Клер исчезла и появилась с парой красных туфель, которые она надела на ходу. Черная шелковая блузка и белоснежная юбка показались ей слишком обыденными, пока она не нашла красную отделку, чтобы оживить ансамбль. Но не был ли он слишком строгим? Откуда она могла знать, как ей одеться, ведь он ничего не говорил, куда они собираются ехать.

— А другая клипса? — спокойно напомнила ей Нора. — Ты что, собираешься выходить в этих туфлях в такую погоду?

— Тротуары сухие. — Клер побежала за недостающей клипсой и услышала стук в дверь.

— Я открою, — сказала Нора. — У тебя две секунды, чтобы привести в порядок свое дыхание.

Клер благодарно кивнула.
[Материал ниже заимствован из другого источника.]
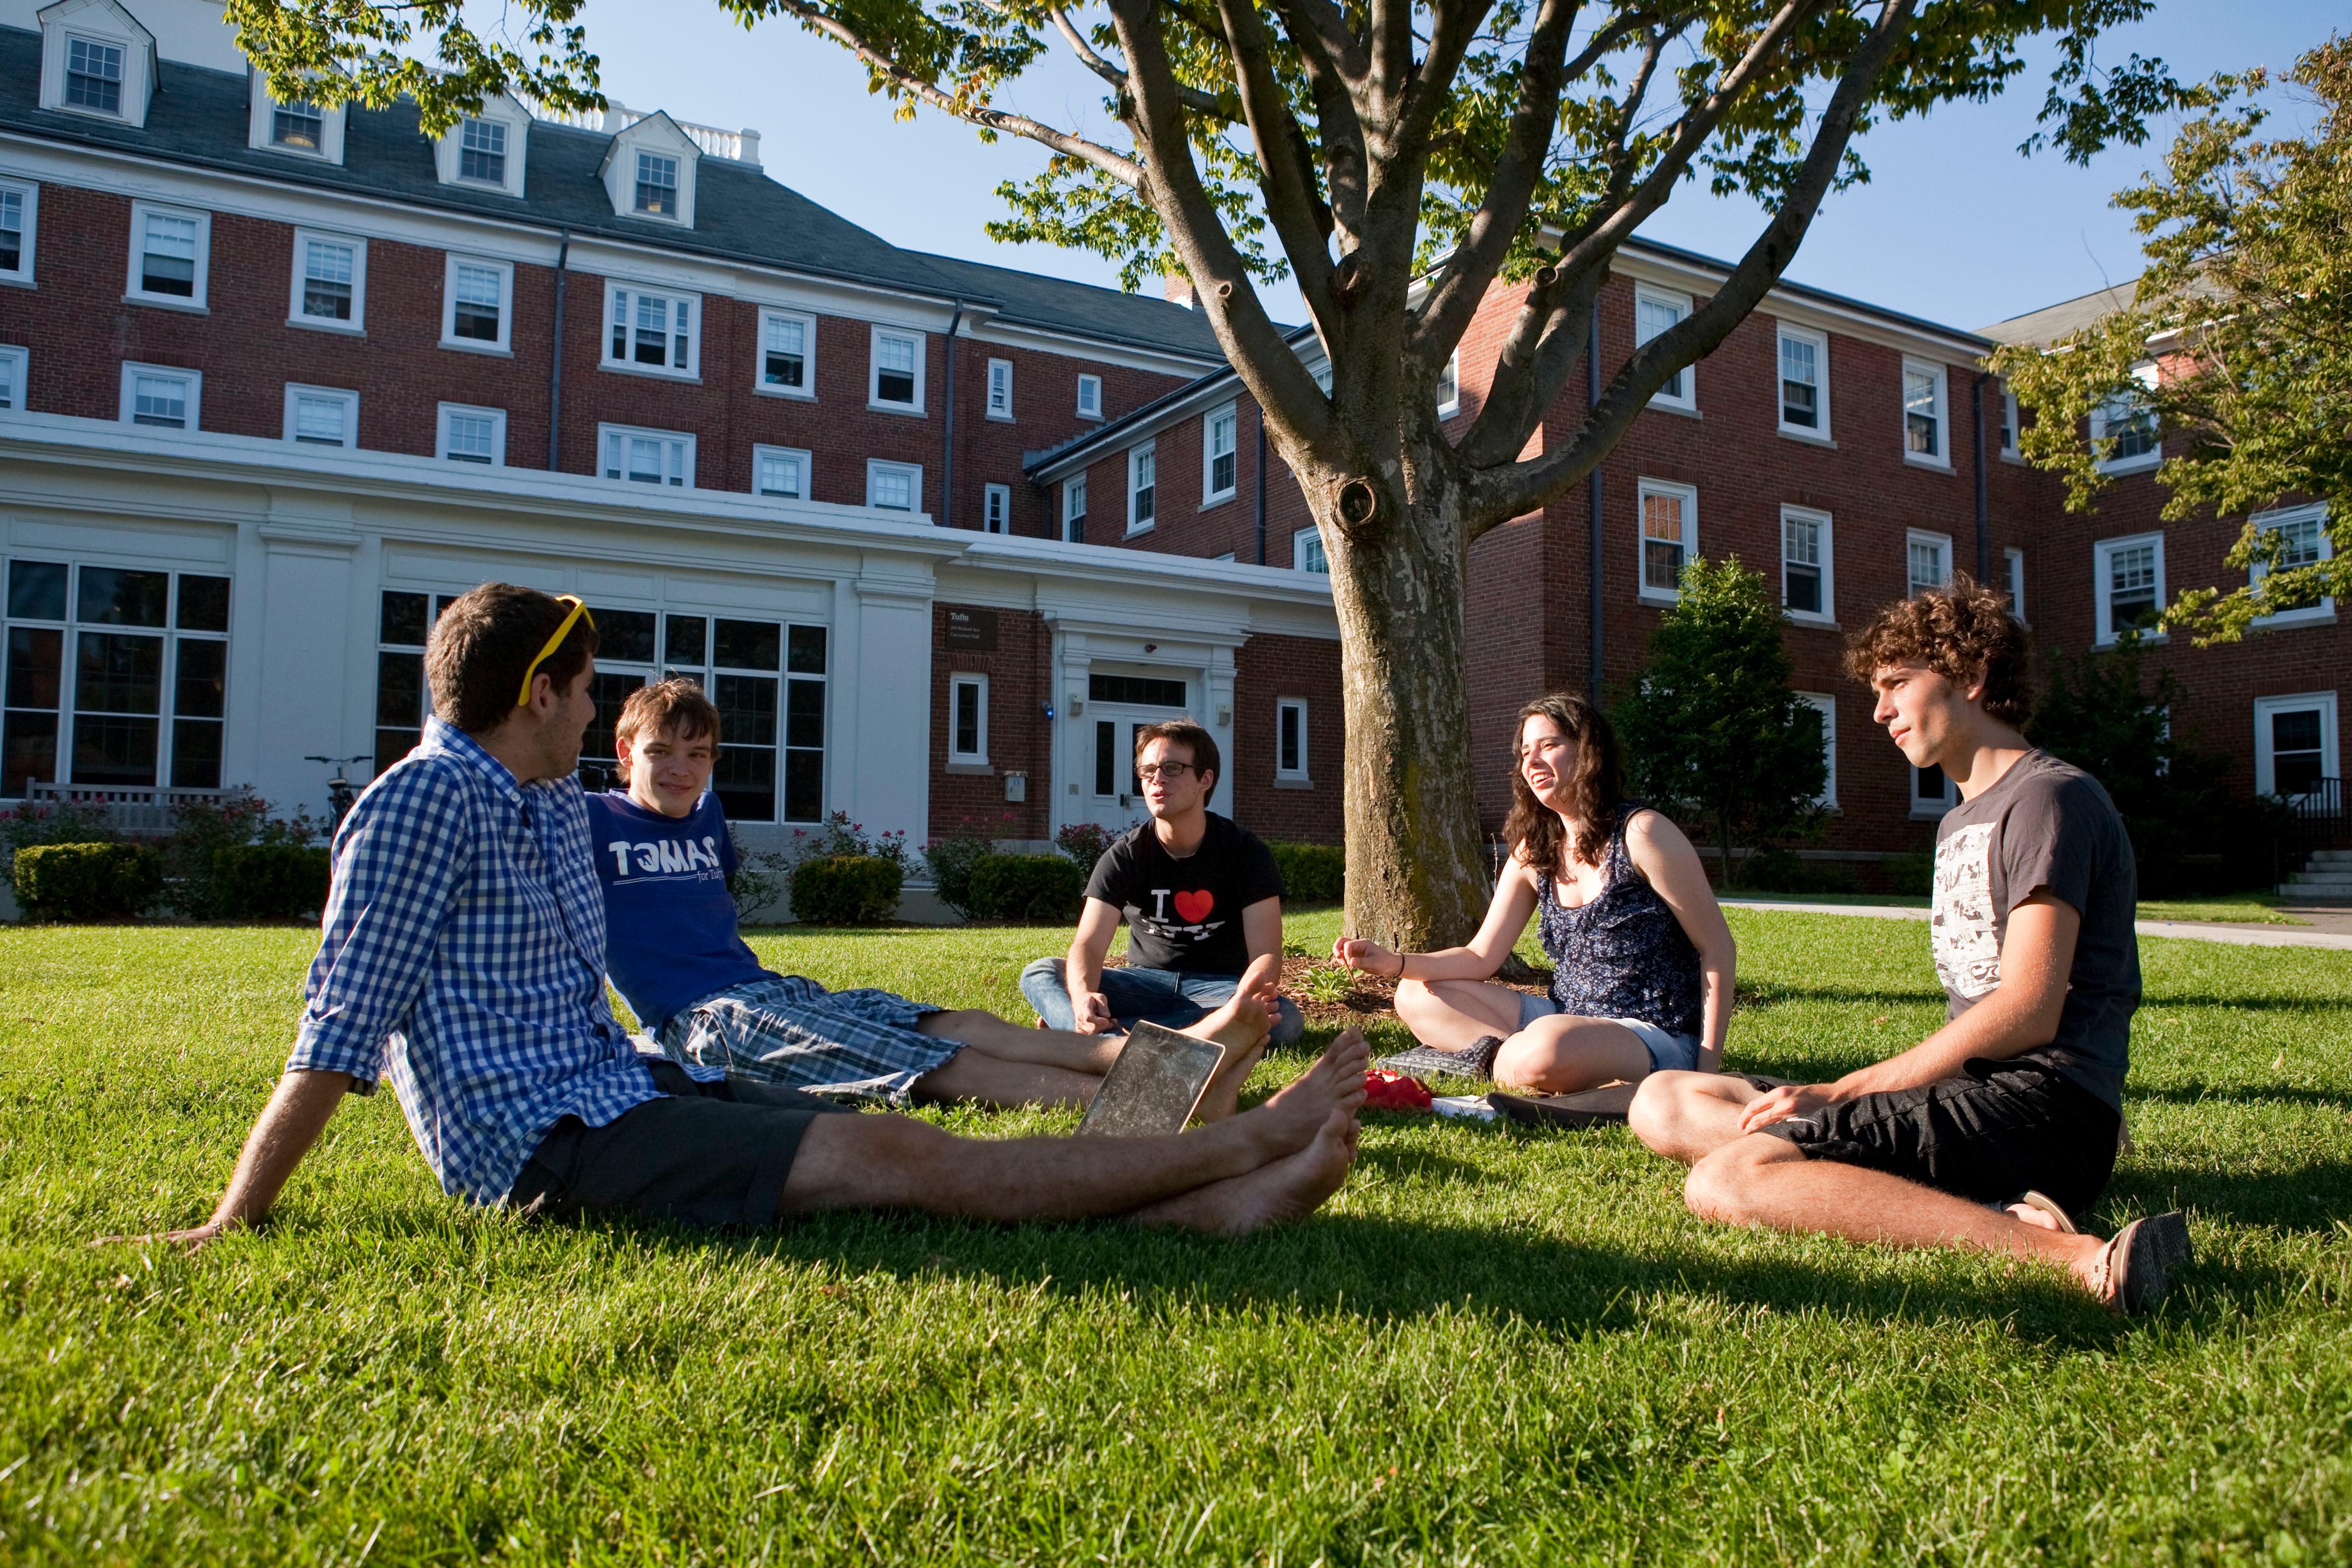 Tufts_University_Summer_on_the_Quad.jpg

Потом она услышала, как Джоэл бархатным голосом поздоровался с Норой и та не замедлила сказать:

— Джоэл, ну скажите ей, что нужно надеть сапоги!

Не моргнув глазом Джоэл чмокнул Нору в щечку и приказным тоном сказал:

— Клер, надень сапоги.

Одарив их обоих кривой усмешкой, Клер схватила пальто и вышла из дому. Быстрой легкой походкой Джоэл тут же догнал ее. Когда она повернулась, чтобы поздороваться с ним, он с серьезным видом разглядывал ее туфли.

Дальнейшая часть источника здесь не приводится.